Mary Beth Markey, ICT's Vice President for international Advocacy, said: "The serious and well-documented human rights situation in Tibet continues to provoke the flight from Tibet of hundreds of Tibetans each year. Chinese strategies to thwart the flight and the reception of Tibetan refugees in Nepal have become more aggressive. With the emergence of those strategies, those who seek to provide for the protection of new and resident Tibetan refugees, including the UNHCR and sympathetic foreign governments, will need to cooperate as widely as possible in finding both diplomatic and durable solutions so that Tibetans can build a full and free life in exile until they are able to return to Tibet."

These new reports document the following:

  • An incident last week in which Tibetan refugees in transit, mainly women and with two sick children, had to hide in a forest in Nepal while Chinese armed police searched for them - after Nepalese police had started to transport them back to the border. In a further case, Tibetan refugees were being walked back to the border by Nepalese police before they managed to escape.

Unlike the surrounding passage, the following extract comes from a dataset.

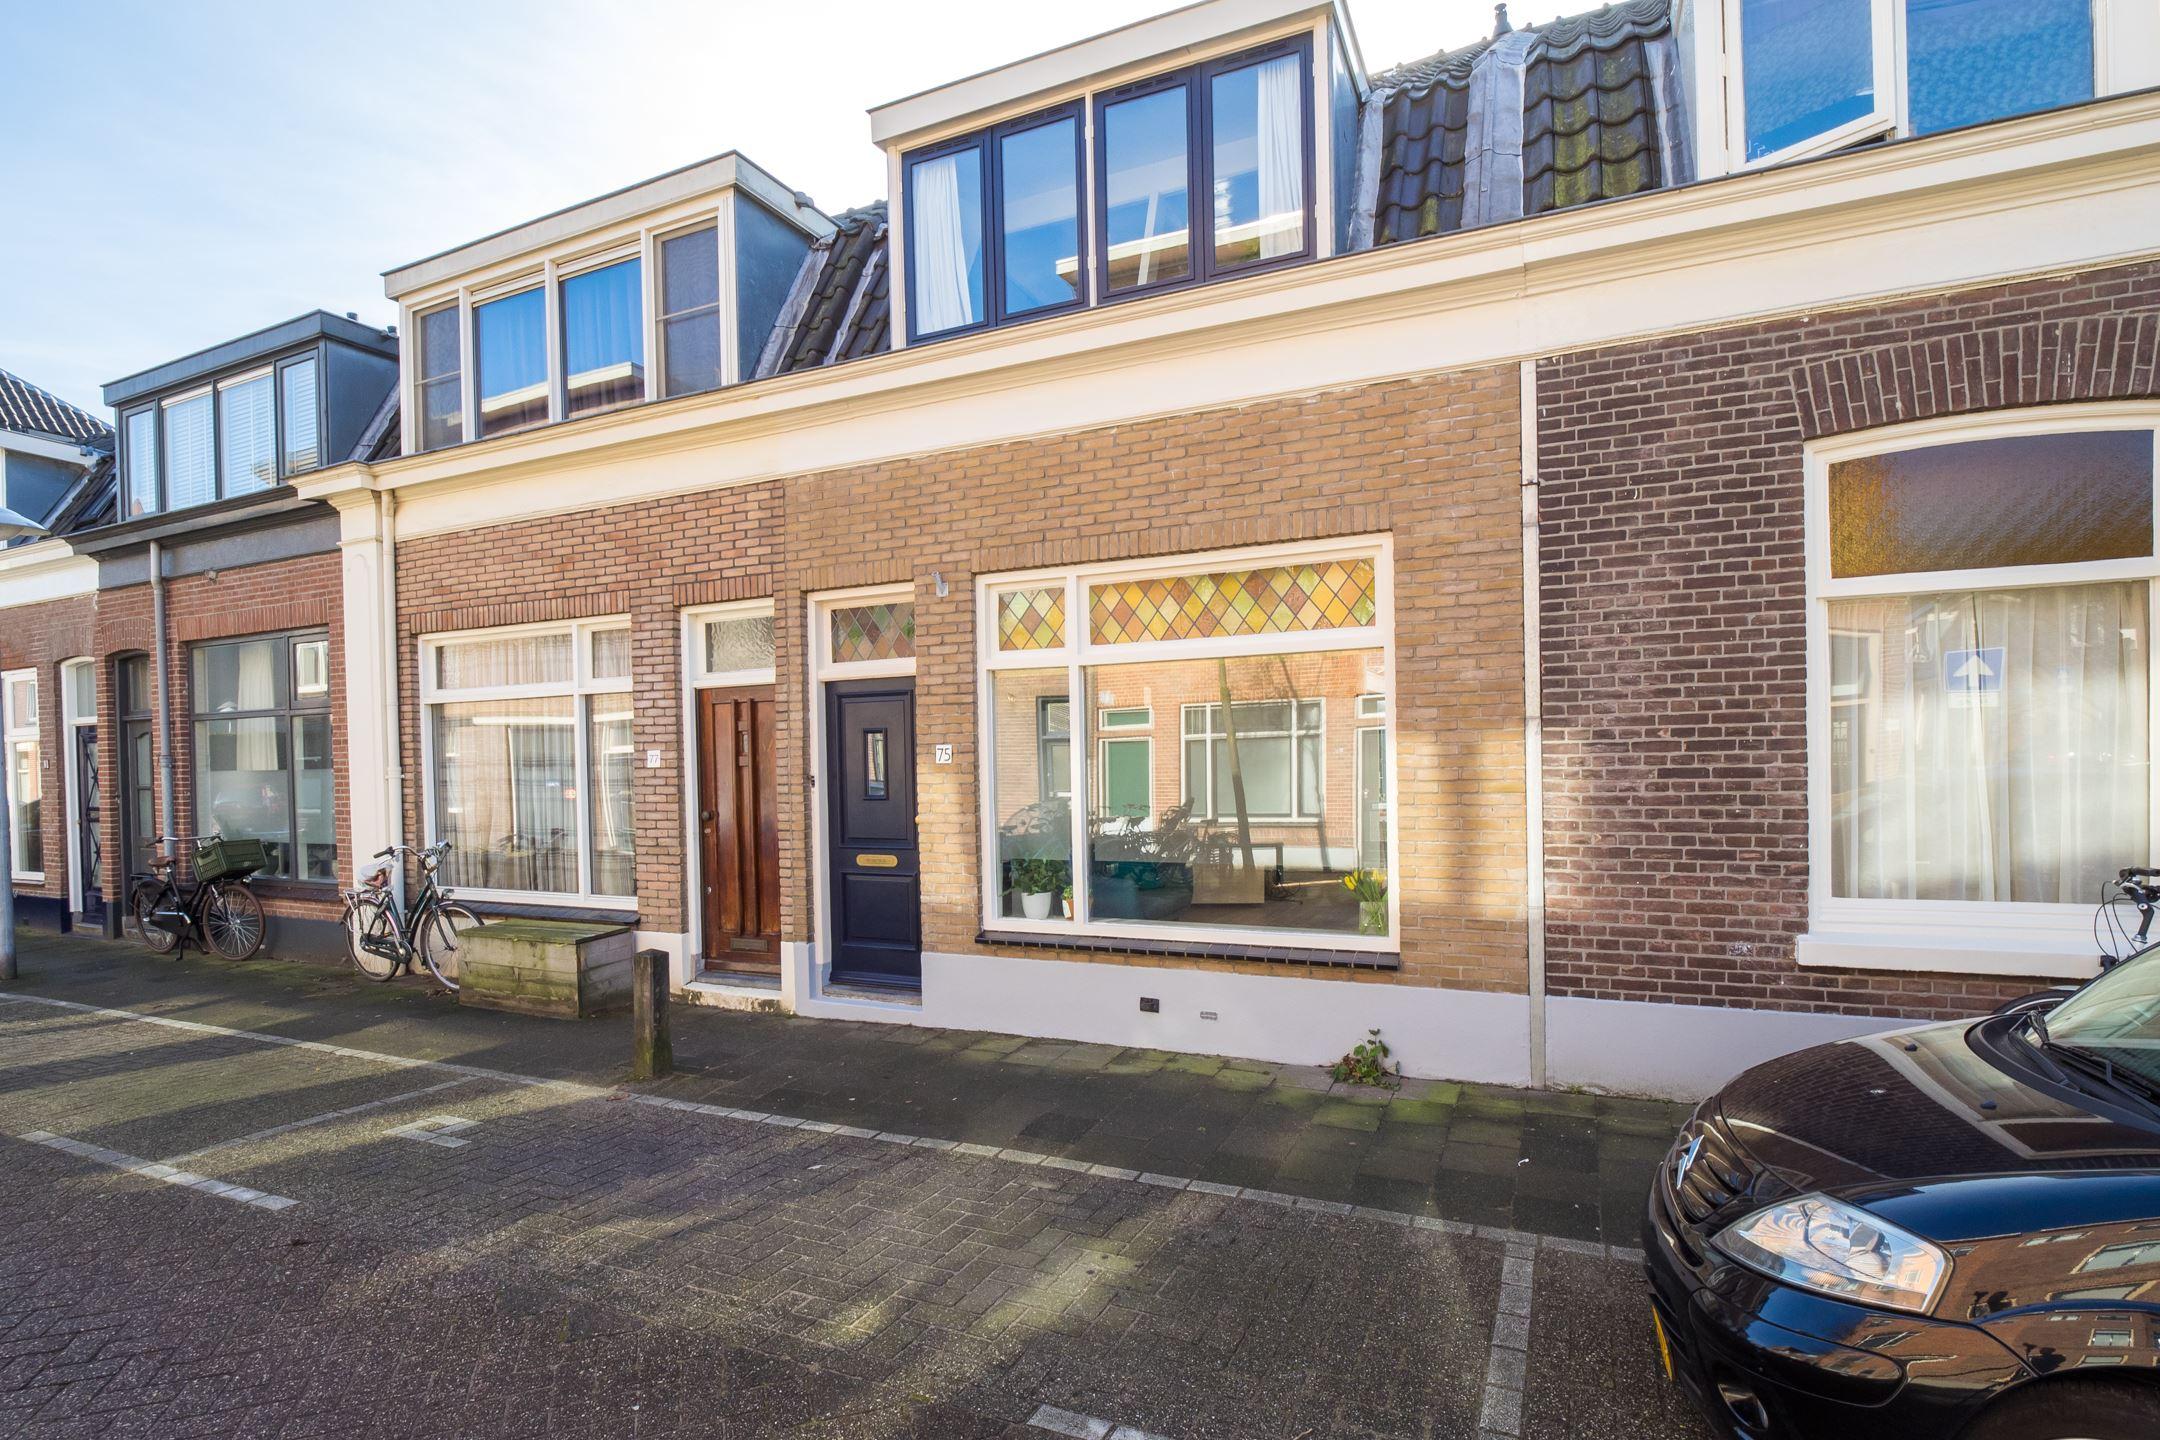 Verkocht oudwijkerveldstraat 75 3581 jj utrecht funda for Funda utrecht

  • Tougher language from government officials and senior police officers in Nepal threatening deportation of Tibetan new arrivals, which runs counter to established procedures agreeing on safe transit of Tibetans escaping from Tibet through Nepal.

  • Evidence of inconsistency and lack of clarity in the treatment of Tibetans in transit from Tibet by both Nepalese government officials and border forces, indicating an undermining of the "Gentleman's Agreement" that allows safe passage for Tibetan refugees through the border areas to Kathmandu and onward to India.

  • A climate of fear and insecurity among Tibetans in Nepal, intensified by pre-emptive arrests of Tibetans, ID checks and house and hotel searches prior to the March 10 anniversary of Tibet's National Uprising in 1959 (which was also the second anniversary of the beginning of the wave of protests that swept Tibet from March 10, 2008 onwards). The large-scale deployment of armed police in Tibetan monasteries, nunneries and schools on the day of the anniversary. A threat to open fire upon peaceful Tibetan protestors if they demonstrated outside the Chinese consulate was made by a senior Nepalese official to a senior Tibetan community representative in Nepal a few days before March 10.

  • A continued lack of morale and vulnerability among thousands of Tibetans in Nepal who are undocumented and therefore "illegal." While they are recognized as a legitimate community in Nepal in the context of centuries-old cultural, religious and commercial ties, most Tibetans born in Nepal since 1989 have no right to work or travel. An official in Kathmandu describes the ongoing pressure on the Tibetan community combined with their lack of status as "death by a thousand cuts."
  • The reports, entitled: 'A Fragile Welcome: China's influence on Nepal and its impact on Tibetans' and 'Dangerous Crossing: Conditions Impacting the Flight of Tibetan Refugees' can be downloaded from ICT's website, www.savetibet.org, from June 19. The reports are embargoed until June 19.